Of course, it’s not all arts and crafts. As CEO, he leads a staff of more than 800 employees stationed in seven countries around the world. He’s also drawn criticism from Etsians upset by changes in company policy, like when Etsy decided it was okay for sellers to use outside manufacturers to help them make their goods. Last April, he led Etsy to its IPO, which had some sellers wondering whether the company had strayed too far from its original anti-corporate mission.
“It’s not all like, Namaste,” says Jerry Colonna, Dickerson’s executive coach. For the past four years, Colonna has helped Dickerson navigate the professional and emotional challenges of his job. “There have been hard decisions almost every week. There have been a few times where I’ve gotten phone calls where he’s said, ‘I feel like vomiting.’ ”
Dickerson himself admits that the job comes with a certain pressure that doesn’t ever really go away. Seven years into his Etsy tenure, he doesn’t “come in a single day and feel relaxed about what we have to do.” Sometimes, while reading Dr. Seuss to his four-year-old son, a line from Hop on Pop feels all too familiar: “Dad is sad. What a bad day Dad had.”

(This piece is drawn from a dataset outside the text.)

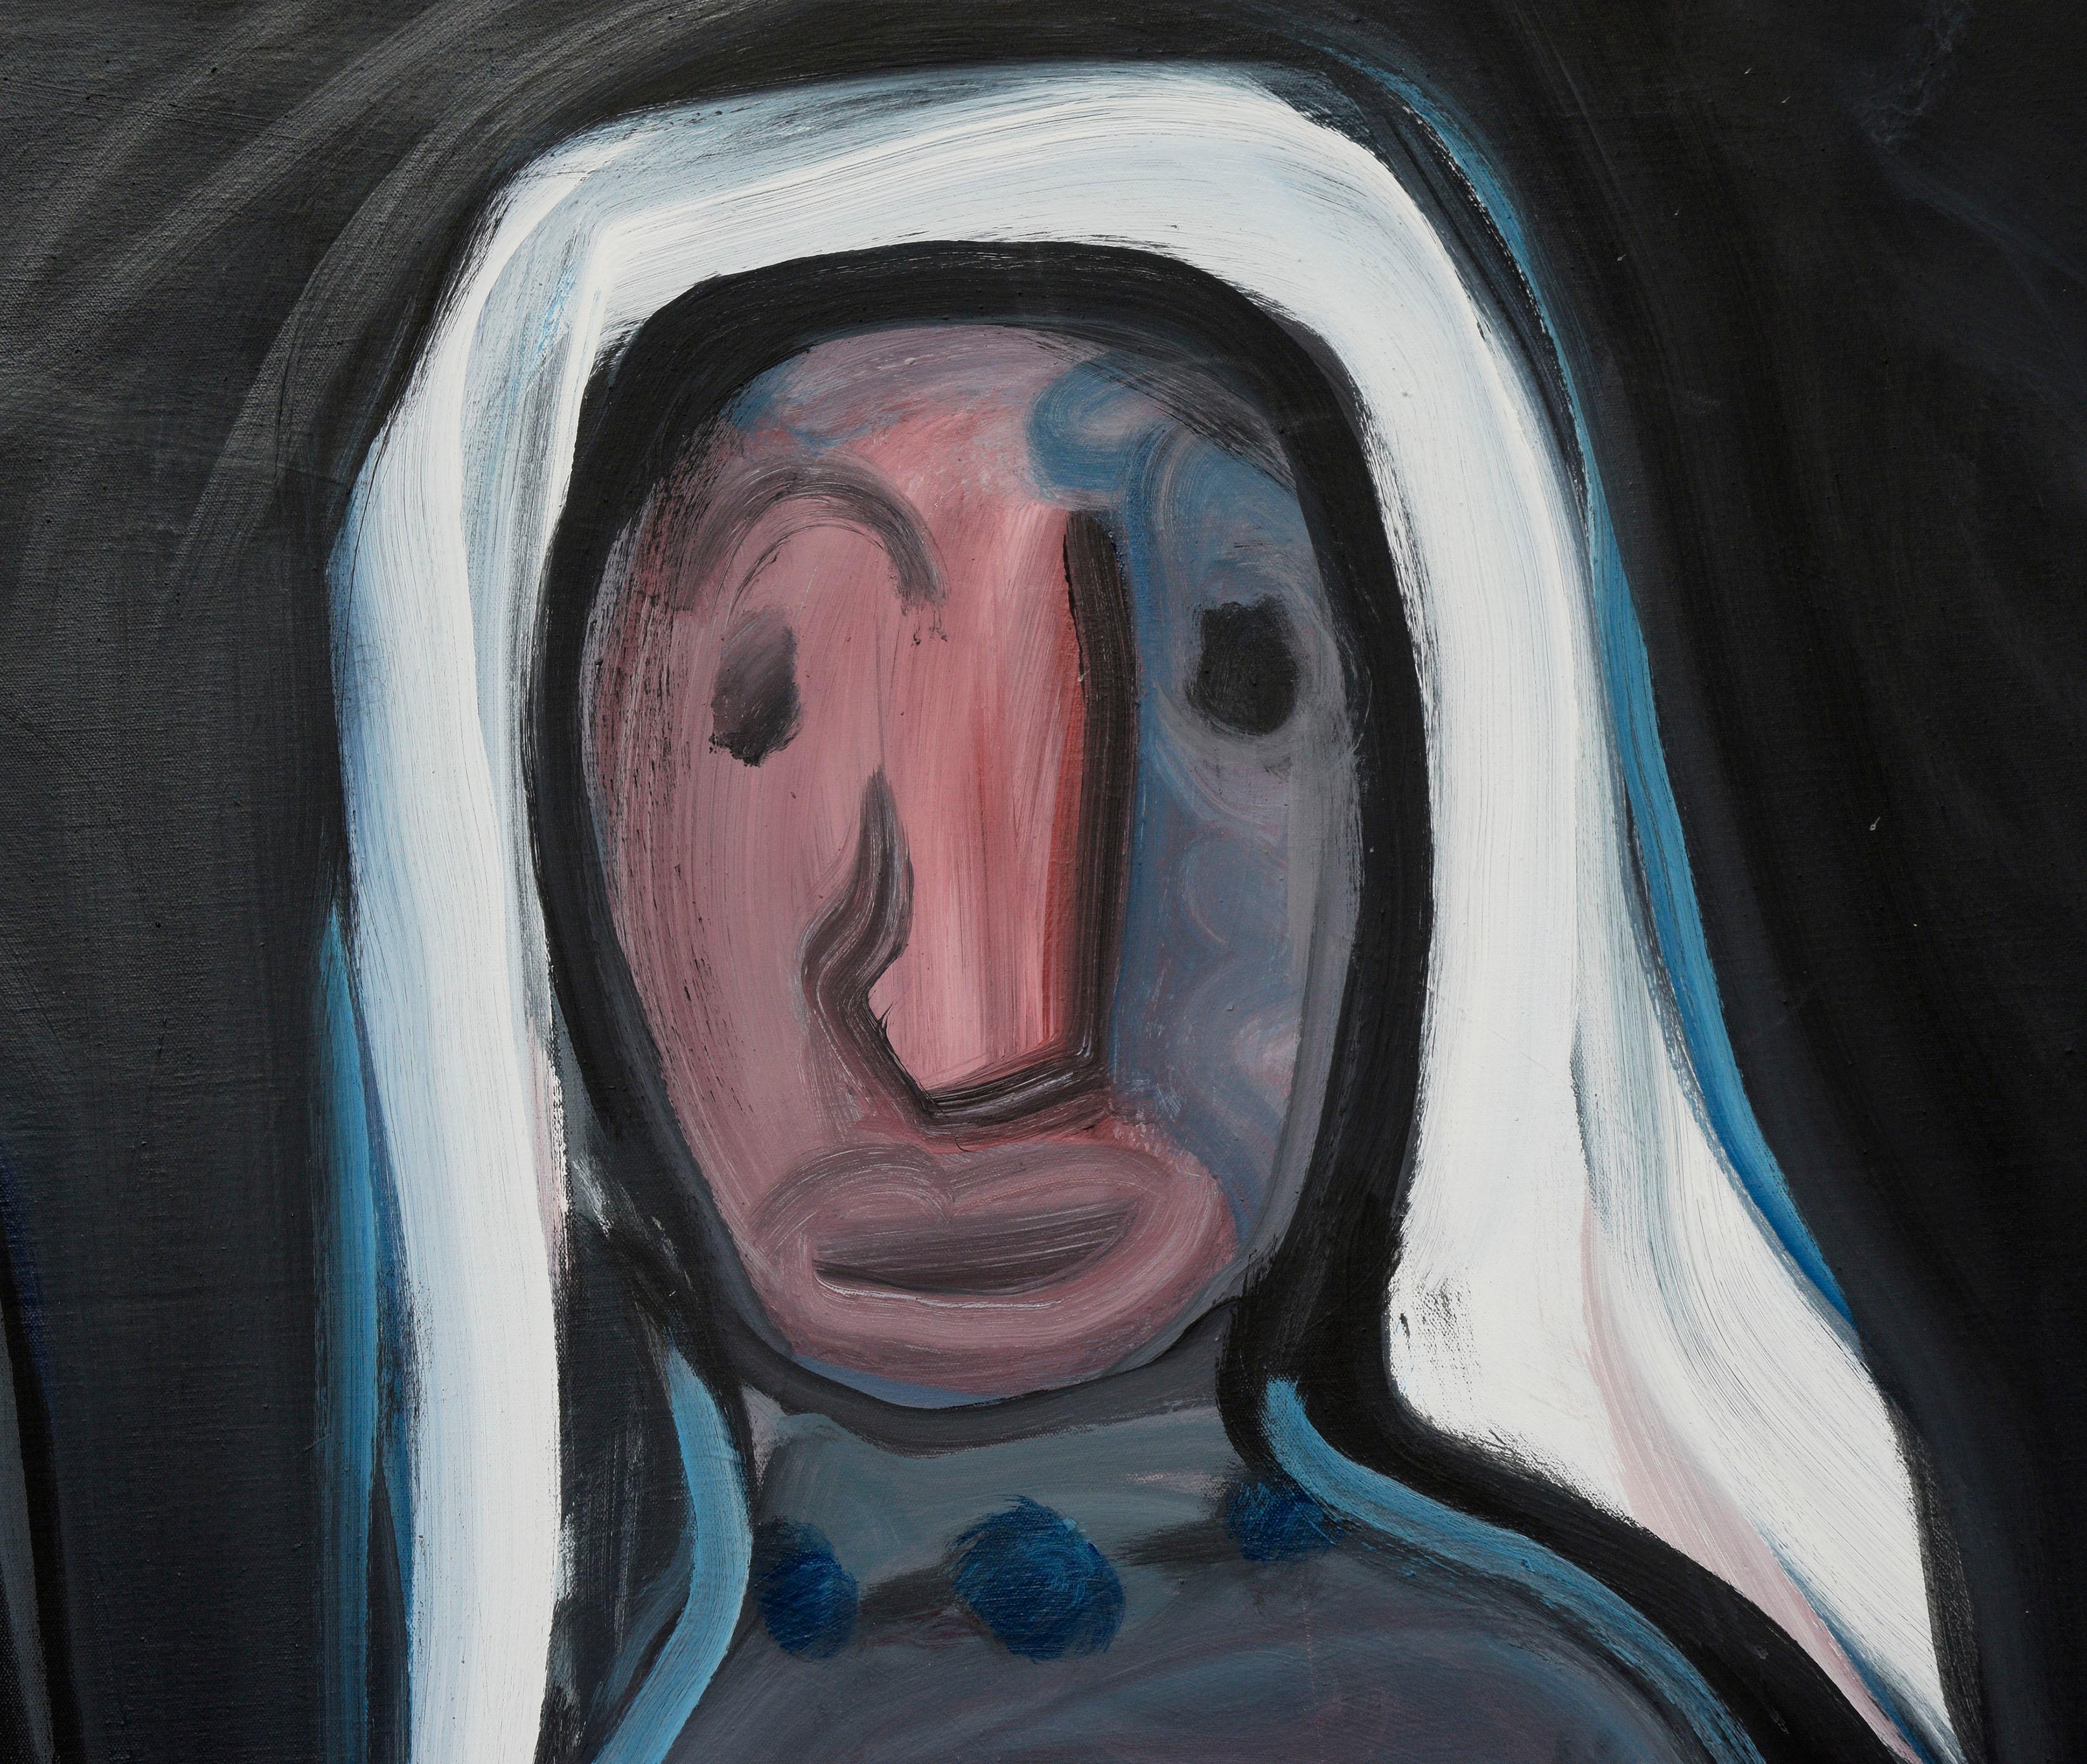 Ein beeindruckendes, großformatiges, abstraktes, expressionistisches, figuratives Acrylbild auf Leinwand des Bay Area Künstlers Julius Wasserstein (Amerikaner, 1924-1985). Zwei abstrahierte Figuren, ein Mann im Anzug und eine Frau in einem blauen
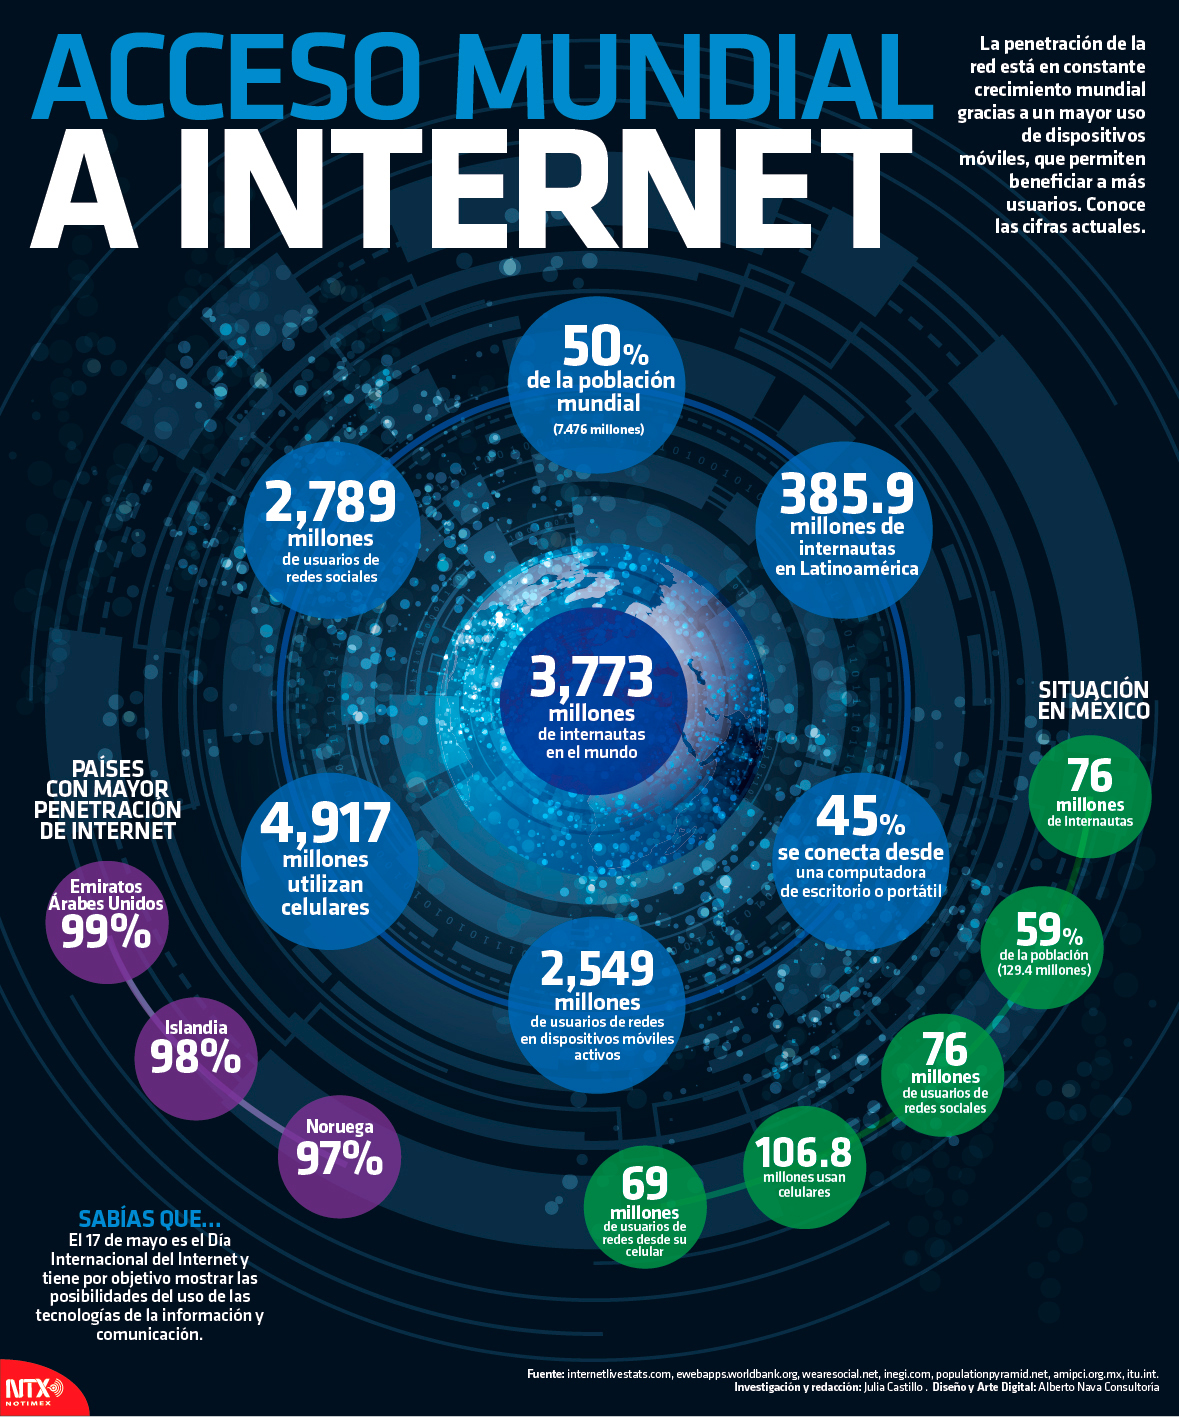 Acceso mundial a internet

But the bad days and stressors haven’t flattened him into a caricature, which his wife can affirm. He says he occasionally checks in and asks her, “ ‘Are you still okay? Do you feel like you’re married to the CEO you were afraid of?’ She tells me, ‘No, you’ve stayed the same.’ I’ve learned a lot, but I’m still who I am.” It helps that Dickerson genuinely believes in Etsy’s mission to personalize and reimagine commerce. He champions a space for artists to make and share the things they love—a place where they can be themselves. In a way, Etsy is like the Duke Coffeehouse all grown up.
After his visit to McBride’s studio, Dickerson heads back to Etsy headquarters in Brooklyn. The vast warehouse space is rather Seuss-like itself, from the towering sculpture of an owl-like mascot that guards the entrance, to the plants blooming from canvas pouches on the walls, to the sleeves of colorful yarn that brighten exposed pipes.
By contrast, Dickerson’s office is a simple wood-and-glass-paneled room furnished with a few telling totems: an acoustic guitar, framed photographs of his son, a wooden desk. On a shelf sits a vintage radio, and hanging from one knob is a small banner, a gift from a colleague. It’s embroidered with two words: “STAY WEIRD.”